Und es gibt noch einen weiteren Aspekt, der die Deutschen beim Thema Sicherheit umtreibt: So fürchten acht von zehn Befragten, die Fahrzeuge könnten durch Hacker manipuliert werden. Das ist nicht völlig aus der Luft gegriffen: Der Amerikaner Andy Greenberg war 2015 in seinem Jeep auf der Autobahn unterwegs, als Hacker die Kontrolle über seinen Wagen übernahmen. Um diese Gefahr zu bannen, fordert der VDI Mindestanforderungen an die Sicherheit. Das könnten zum Beispiel spezielle Systeme gegen Cyberkriminalität sein. Quasi eine Firewall für das Auto. Wahr ist jedoch auch: Stand jetzt existieren diese Systeme nicht in ausreichendem Maße.

Sind die technischen Probleme einmal überwunden, sollen die Vorteile überwiegen, versichert der VDI und hebt die Vorteile für Gesellschaft und Volkswirtschaft hervor. Alte Menschen, die selbst nicht mehr fahren dürfen, bekämen ein Stück ihrer Unabhängigkeit zurück. Pendler einen Teil ihrer Zeit.
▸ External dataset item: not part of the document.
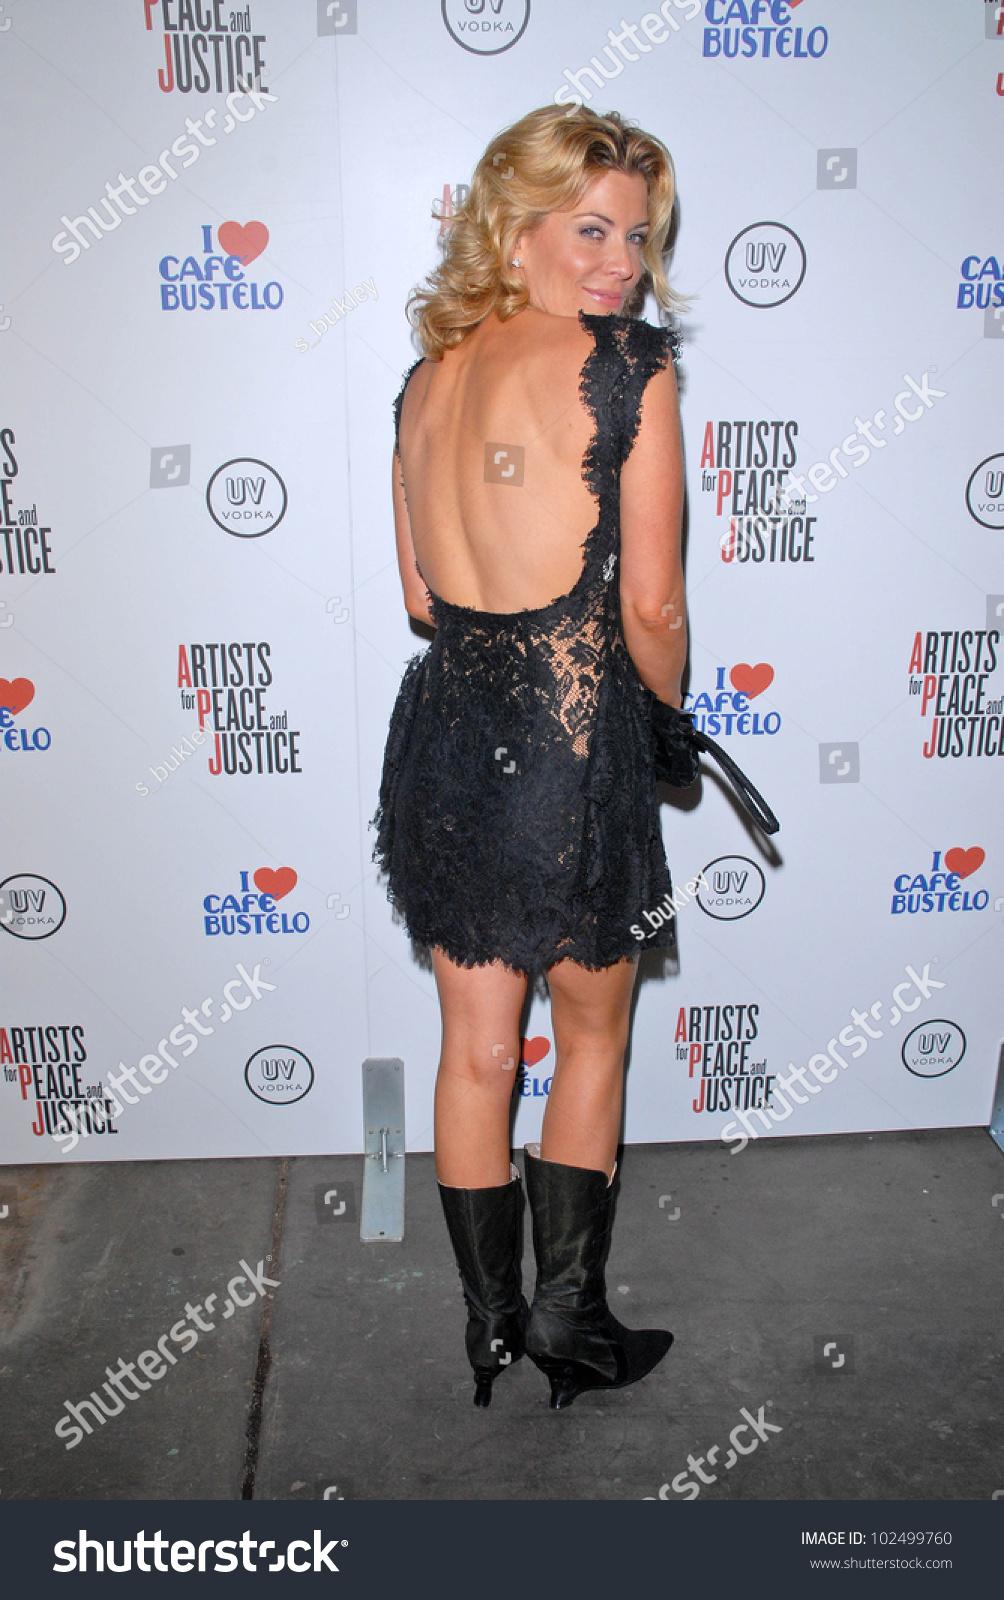 Maria Grazia Cucinotta (born 1968),Ashley Gardner Erotic video Rosie Tenison,Alison Sudol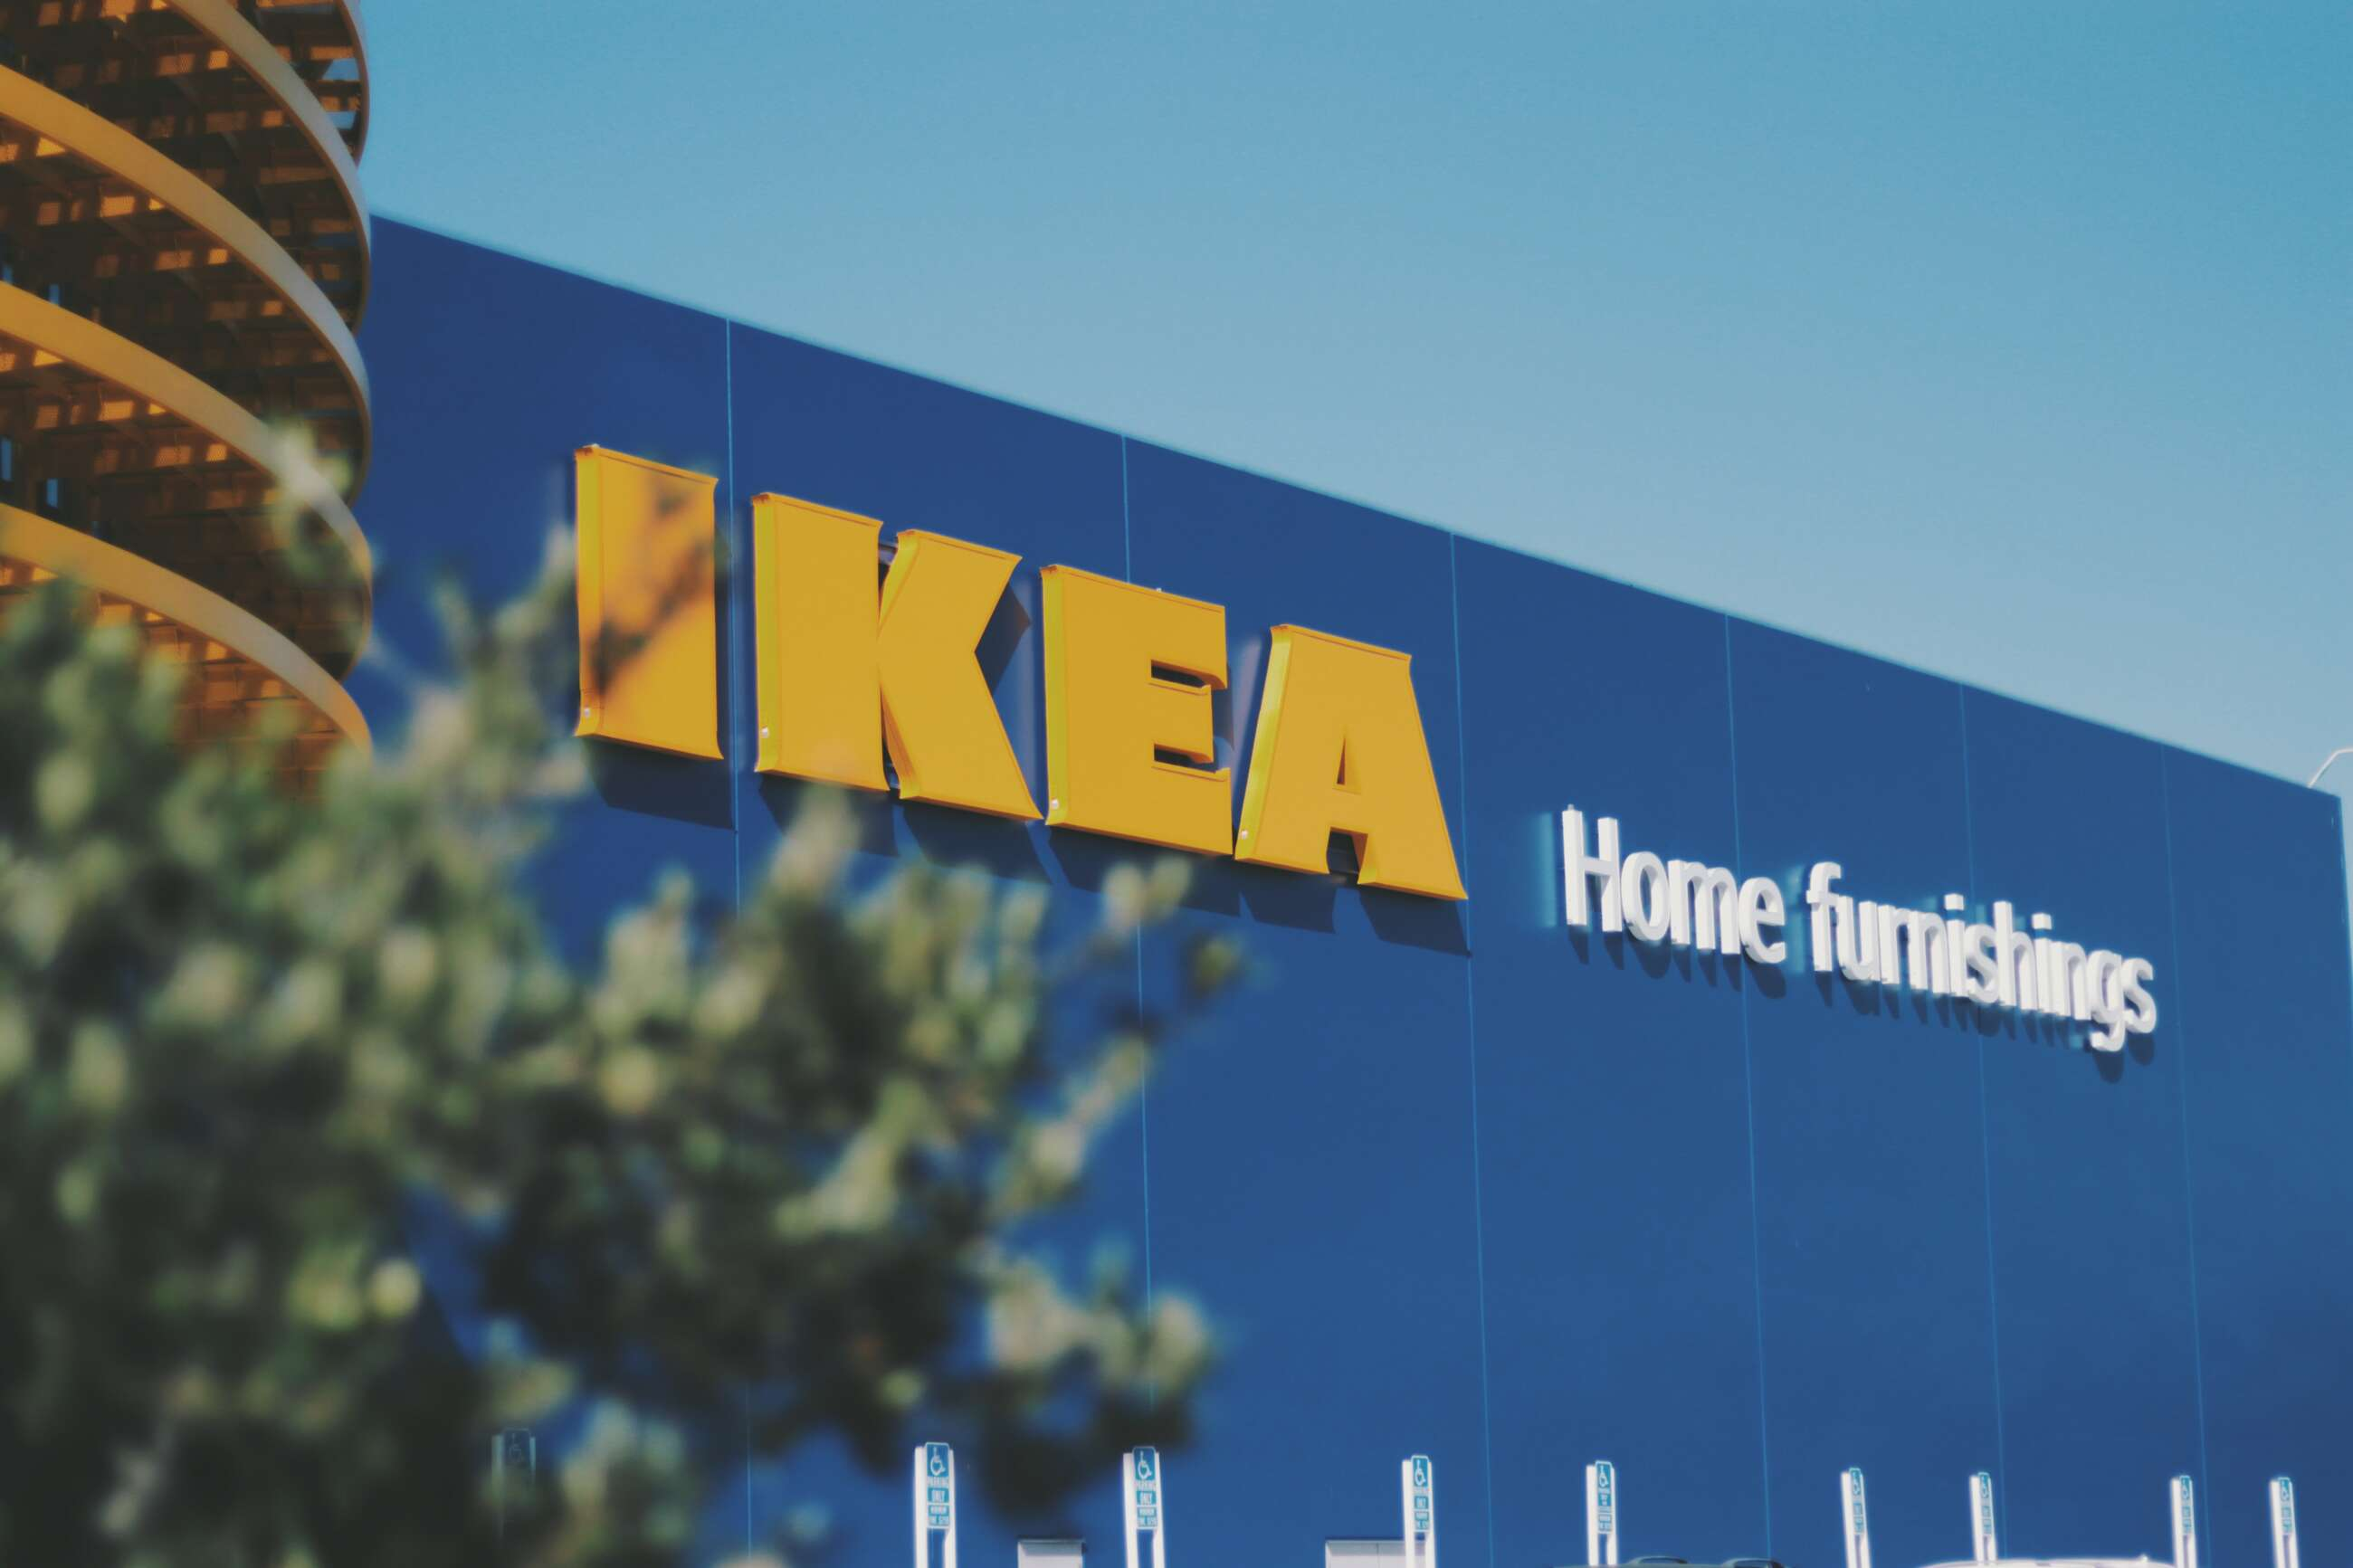 Ikea. Foto: Alexander Isreb en Pexels

Und ländliche Regionen könnten wieder besser angebunden werden, versichert Eckstein: „Durch fahrerlose Shuttles lässt sich der öffentliche Personennahverkehr nicht nur in Städten, sondern auch auf dem Land sinnvoll ergänzen, womit der Urbanisierung entgegen gewirkt werden kann.“ Auch der aktuelle Bus- und Zugfahrermangel sei dann kein Problem mehr.

Um die Deutschen von der rosigen autonomen Zukunft zu überzeugen, empfiehlt der VDI den Herstellern einen Bürgerdialog. Immerhin, wenn die Prognosen stimmen, haben sie dafür noch ausgiebig Zeit. So kann sich Eckstein zwar schon in dem kommenden Jahren erste Fahrfunktionen vorstellen, die es dem Fahrer ermöglichen, sich wenigstens zeitweise abzuwenden. Vollautonome Autos auf deutschen Straßen erwartet er jedoch frühestens ab dem Jahr 2025.

Auch Bosch-Experte Hönle glaubt, dass Fahrzeuge erst in der zweiten Hälfte der kommenden Dekade in der Lage sein werden, sich in allen komplexen Stadtverkehr-Situationen komplett alleine zurechtzufinden. Eine Prognos-Studie im Auftrag des ADAC verortet die Roboterautos sogar noch weiter in der Zukunft. Erst ab 2040 würden demnach in größerer Zahl Autos angeboten, die überall völlig autonom fahren können.

Es bleibt also noch etwas Zeit für Politik und Industrie, die technischen Probleme zu beheben und so die Deutschen von der Zukunft der Mobilität zu überzeugen.